For the residues in two recognition helices, tvMyb3 protein shows 83% amino acid sequence identity with human c-Myb. The R2R3 DBD of c-Myb recognizes the base sequence 5′-TAACNG-3′ specifically and that of tvMyb3 binds to the MRE-1 element containing 5′-TAACGA-3′ with high specificity. High similarities in both protein and DNA sequences suggest that the protein–DNA interactions of tvMyb3 and c-Myb are similar. Indeed, close examination of the two protein–DNA complex structures reveals that most of the residues identified for DNA recognition in tvMyb3 can also be found in the c-Myb/DNA complex (Figure 3D and Supplementary Figure S8A). One difference is that Lys89 in helix 3 forms specific hydrogen bonds with the bases of GUA9 in the tvMyb353–180/DNA complex structure, but the corresponding Lys residue (Lys128) in c-Myb does not contact with the corresponding GUA (GUA21) but rather with GUA22. Also, the residues Trp108, Gly54 and Gln74 in tvMyb3 contact with the DNA phosphate backbone, and these interactions are not conserved in the c-Myb/DNA complex.

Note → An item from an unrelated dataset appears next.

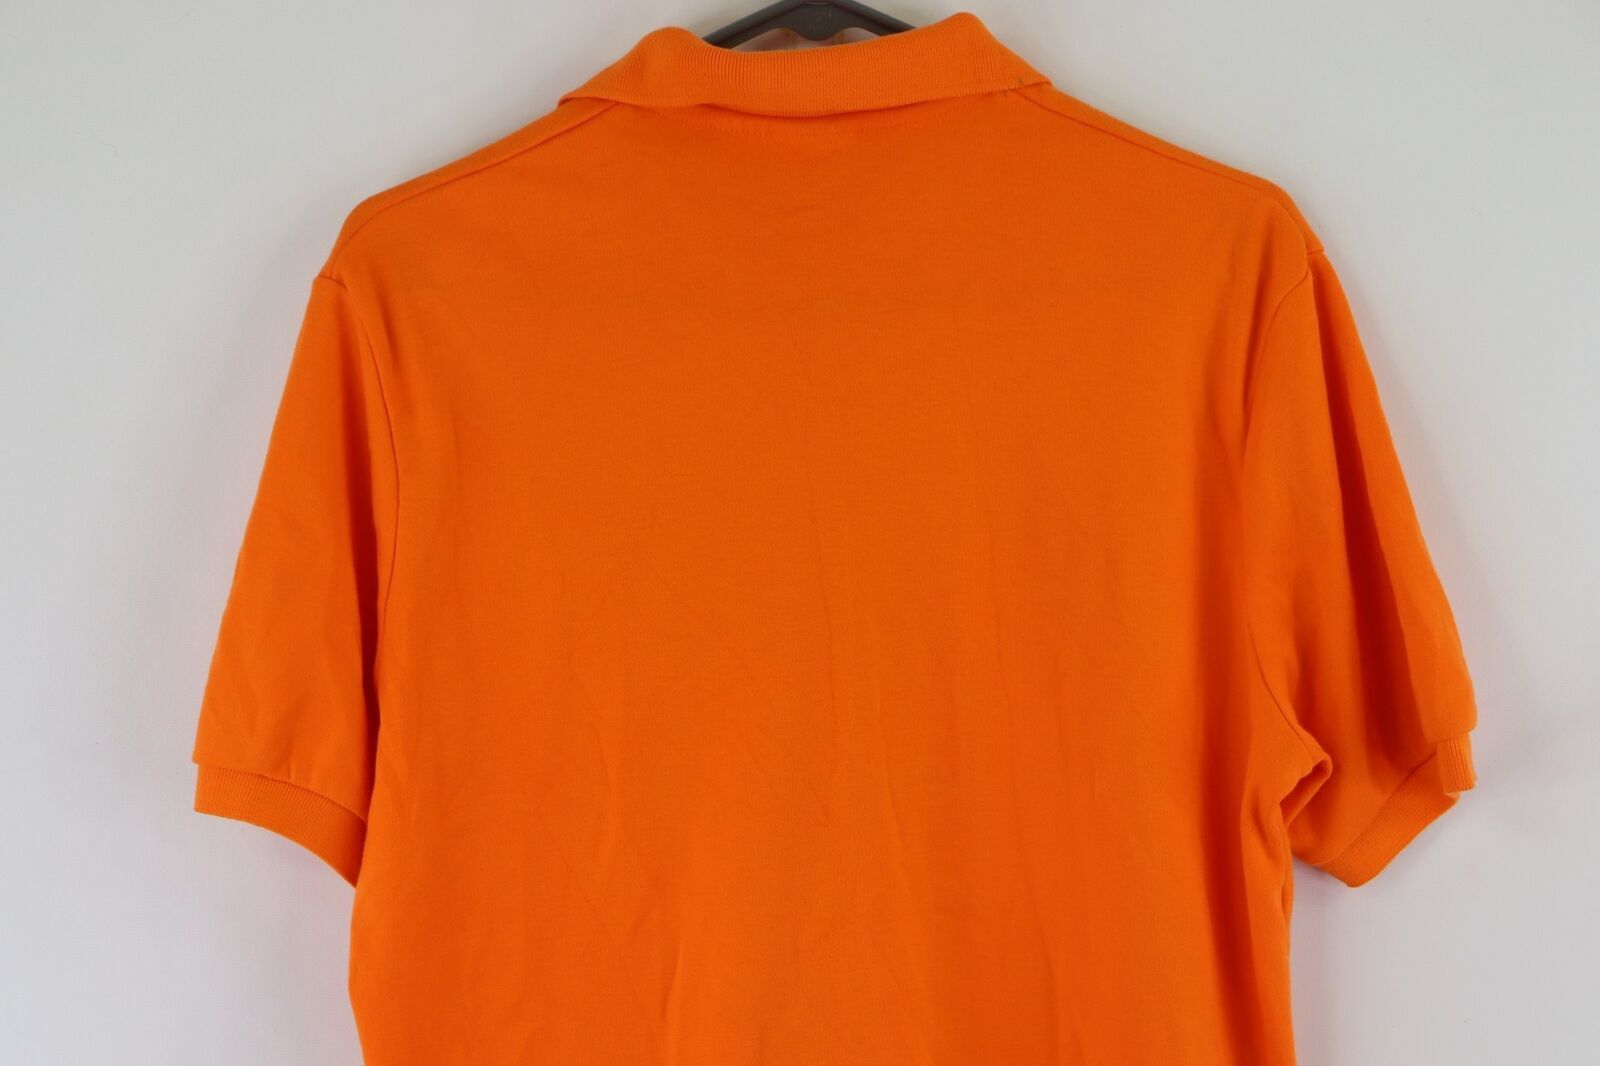 Nike Vintage 90s Nike Travis Scott Mini Swoosh Polo Shirt Orange Size US M / EU 48-50 / 2 - 6 Thumbnail

The amino acid sequence identity for the residues in two recognition helices between tvMyb3 and tvMyb1 is only 57%. tvMyb1 recognizes the whole MRE-1 element containing 5′-TAACGAT-3′, whereas tvMyb3 binds only to 5′-AACG-3′. The examination of two protein–DNA interactions reveals that three specific hydrogen bonds with bases and four hydrogen bonds with a phosphate backbone in the tvMyb353–180/DNA complex structure can be found in the tvMyb135–141/DNA complex model (Figure 3D and Supplementary Figure S8B). However, two Lys residues in tvMyb3, Lys89 and Lys143, which recognize bases specifically, are Arg residues in tvMyb1 (Arg71 and Arg125) and form hydrogen bonds with bases of ADE10 and ADE11′ and the phosphate backbone of CYT9′, respectively, in the complex model. In addition, the specific interactions of Asn69 and Gln72 identified in the tvMyb135–141/DNA complex are not found in the tvMyb3 complex structure. The corresponding residue of Asn69 in tvMyb3 is Ser87, which does not recognize the base of ADE10, perhaps because of its shorter side chain. However, without the crystal structure of the tvMyb135–141/DNA complex, confirming the interactions observed in the model is not easy. The comparison of tvMyb1 and tvMyb3 complexes suggests that the strategy that combined the free form structure with CSPs, residual dipolar couplings, DNA specificity data and data-driven macromolecular docking can generate a model with reliable protein backbone architecture and some conserved protein–DNA interactions. This method is an alternative way to obtain the structural basis of protein–DNA interactions if the crystal structure is not available.

ACCESSION NUMBER

The atomic coordinates of tvMyb353–180/16-bp MRE-1 DNA complex were deposited in the Protein Data Bank under accession code 3zqc.

SUPPLEMENTARY DATA

Supplementary Data are available at NAR Online.

FUNDING

Academia Sinica and the National Science Council, Taiwan, ROC (NSC 95-2320-B-001-040-MY2 to C.C. and NSC98-2311-B-001-009-MY3 to C.-D.H.). Funding for open access charge: Academia Sinica.

Conflict of interest statement. None declared.